14. The Petitioners also argued that Sections 295, 296(1) and (2) of the Penal Code contravene the principles of fair trial, that there is an apparent ambiguity in the definition regarding the circumstances that are aggravated under Section 296(2) of the Penal Code, as read with the provisions of Sections 216 and 329 of the Criminal Procedure Code. They cited the Court of Appeal case of Joseph Mwaura Njuguna & 2 Others vs Republic [2013] eKLR. They contended further that Article 50(1)(2)(p)(q) entitles an accused person to the least severe of prescribed punishments for an offence, and that in this instant case, the charge was under Section 295 as read with Section 296(2) which prescribes a sentence of 14 years, which is the lesser severe of the punishments prescribed for the offence. They therefore urged that the Court should settle the cited ambiguity by ruling in the Petitioners’ favour.
15. Regarding this Court’s jurisdiction to determine the issues raised, they cited the cases of The Owners of Motor Vessel Lilian “S” vs Caltex Oil (Kenya) Ltd (1989) KLR, the case of Samuel Macharia & Another vs Kenya Commercial Bank Ltd & 32 Others, Application No. 2 of 2011 and also Articles 23(1) and 165 of the Constitution which empowers the High Court “to hear and determine Applications for redress for a denial, violation or infringement of or threat to, a right or fundamental freedom in the Bill of Rights”.
16. Regarding their reform and rehabilitation, they cited the case of Francis Opondo v Republic [2017] eKLR and submitted that the sentence to be imposed should take into account the need to accord an Applicant an opportunity to be rehabilitated. They also cited the case of Douglas Muthaura Ntoribi v Republic [2014] eKLR and submitted that while in custody, they have undergone rehabilitation programmes and that they are now ripe to be re-integrated back to the society. They then attached copies of several certificates obtained while in prison.
17. In conclusion, the Petitioners cited Section 333(2) of the Criminal Procedure Code which obligates the Court, when sentencing, to take into account the period spent in remand custody by a convict before sentencing and asked the Court to apply the same.
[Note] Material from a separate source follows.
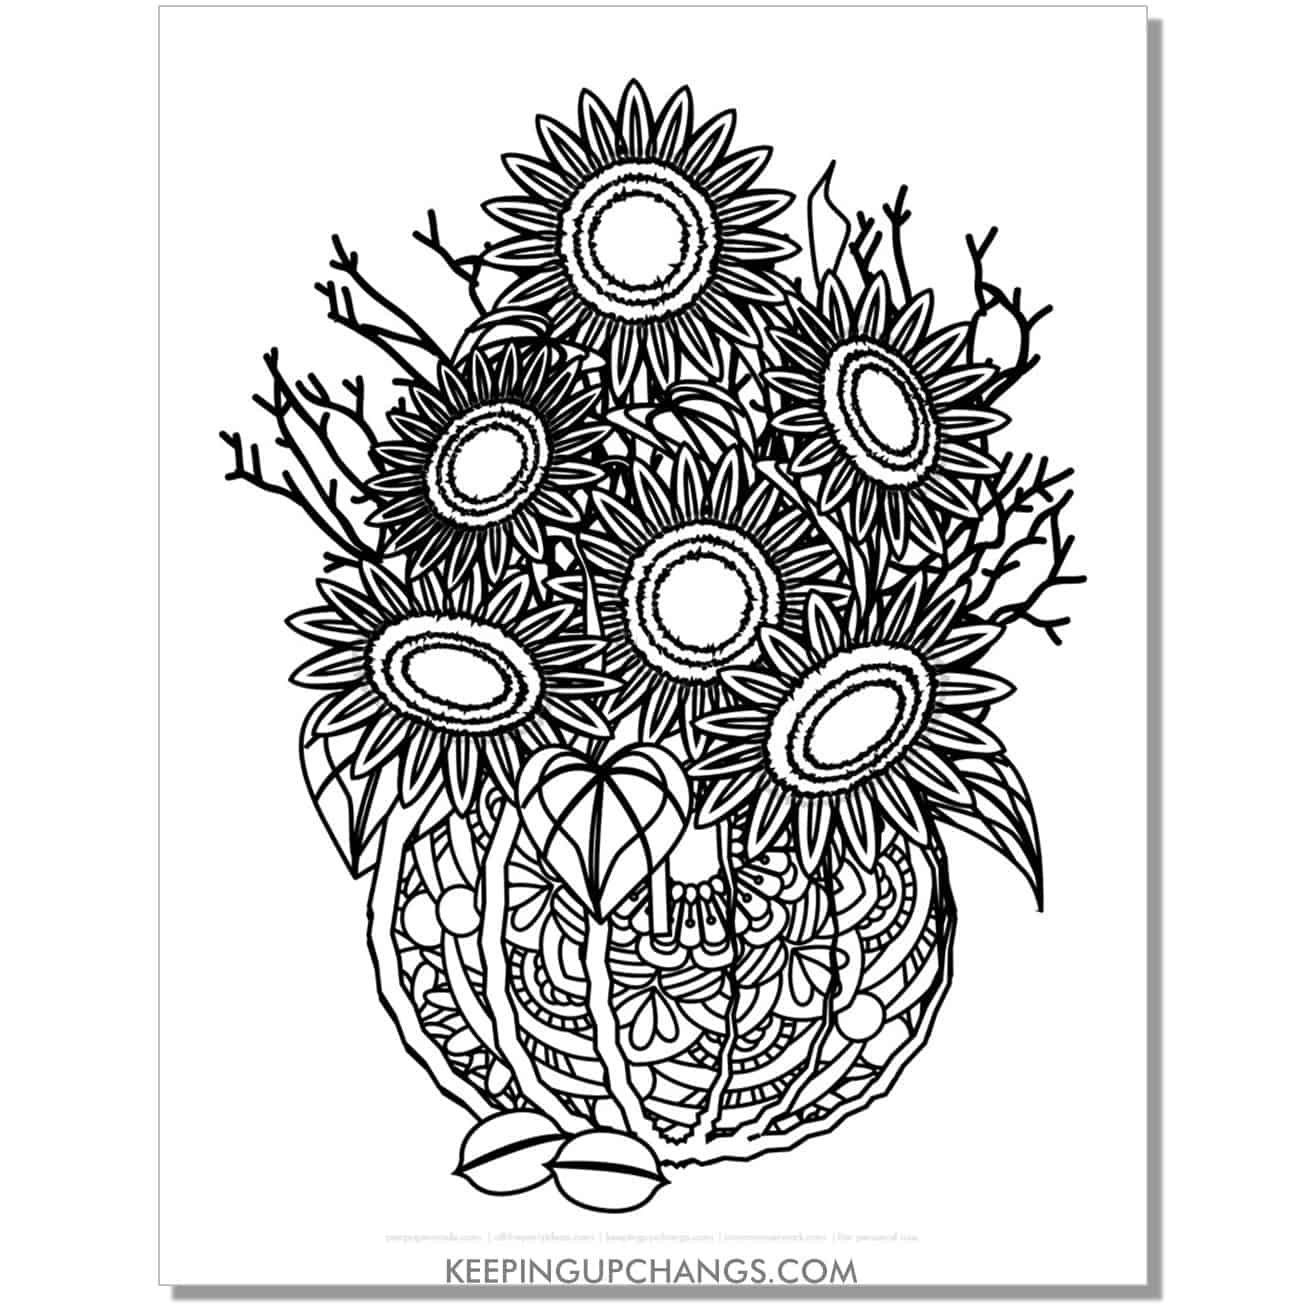 free zentangle fall, thanksgiving pumpkin coloring page for adults with sunflowers.

They asked that computation of the sentence that may be imposed do commence from the date of arrest.
Respondent’s Submissions 18. In her Submissions on behalf of the State, Senior Prosecution Counsel Ms. Okok submitted that the Supreme Court on 6/07/2021 gave directions on the Muratetu case and held that the decision applies only in respect to sentences for the offence of murder under Section 203 and 204 of the Penal Code. She submitted that the Court advised parties who were aggrieved by the death penalty under other provisions of the law to challenge the constitutional validity of the mandatory death penalty by filing proper applications before the High Court and escalate them to the Court of Appeal, if necessary, at which a similar outcome as that in the Muratetu case may be reached. Counsel submitted that the Petitioners have not done this and that therefore, the Petition lacks merit and should be dismissed in it entirety.
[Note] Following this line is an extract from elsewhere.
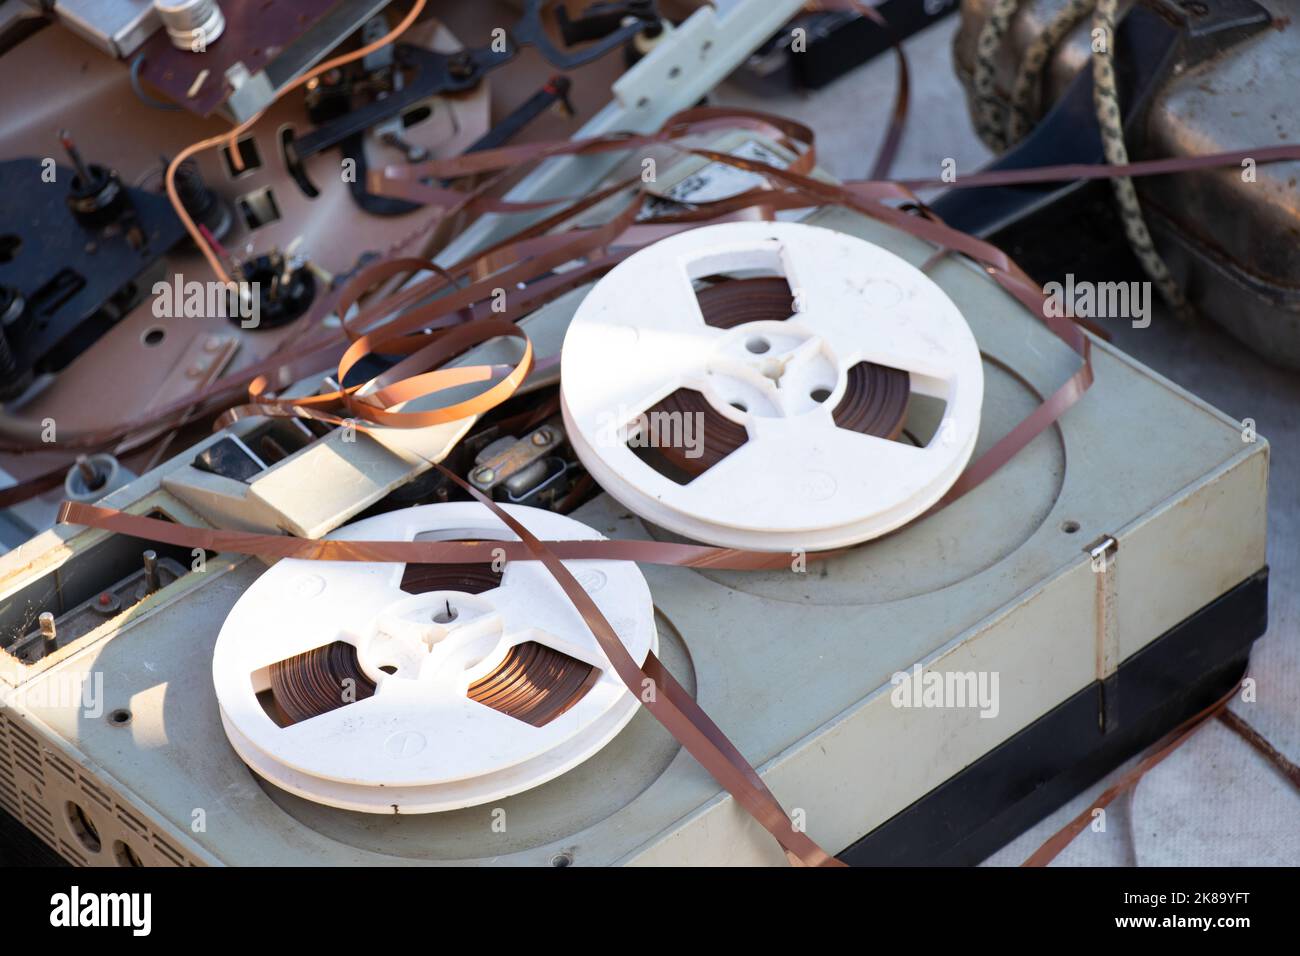 Old film tape recorder, Reel-to-reel tape recorders and reels Stock Photo

Determination 19. The issue for determination herein is “whether this Court should review the death sentence meted on the Petitioners by the Court of Appeal on the basis that the death sentence is unconstitutional,”
20. As already stated, the Petitioners were convicted and sentenced to serve 4 years imprisonment by the Magistrate’s Court for the lesser offence of “simple robbery” as opposed to the offence of “robbery with violence” which was the main offence that they had been charged with. They appealed to this High Court, which enhanced the conviction to one for “robbery with violence” and sentenced the Petitioners to 25 years imprisonment each. Undetterred, the Petitioners moved to the Court of Appeal where the conviction for the offence of “robbery with violence” was upheld and the sentence enhanced even further to the death penalty.
21. The offence or “robbery” is defined under Section 295 of the Penal Code as follows:“Any person who steals anything, and, at or immediately before or immediately after the time of stealing it, uses or threatens to use actual violence to any person or property in order to obtain or retain the thing stolen or to prevent or overcome resistance to its being stolen or retained, is guilty of the felony termed robbery.”
22. Section 296(2) of the Code then defines “robbery with violence” and also sets out the sentence to be meted out to the offender as follows:(2)If the offender is armed with any dangerous or offensive weapon or instrument, or is in company with one or more other person or persons, or if, at or immediately before or immediately after the time of the robbery, he wounds, beats, strikes or uses any other personal violence to any person, he shall be sentenced to death.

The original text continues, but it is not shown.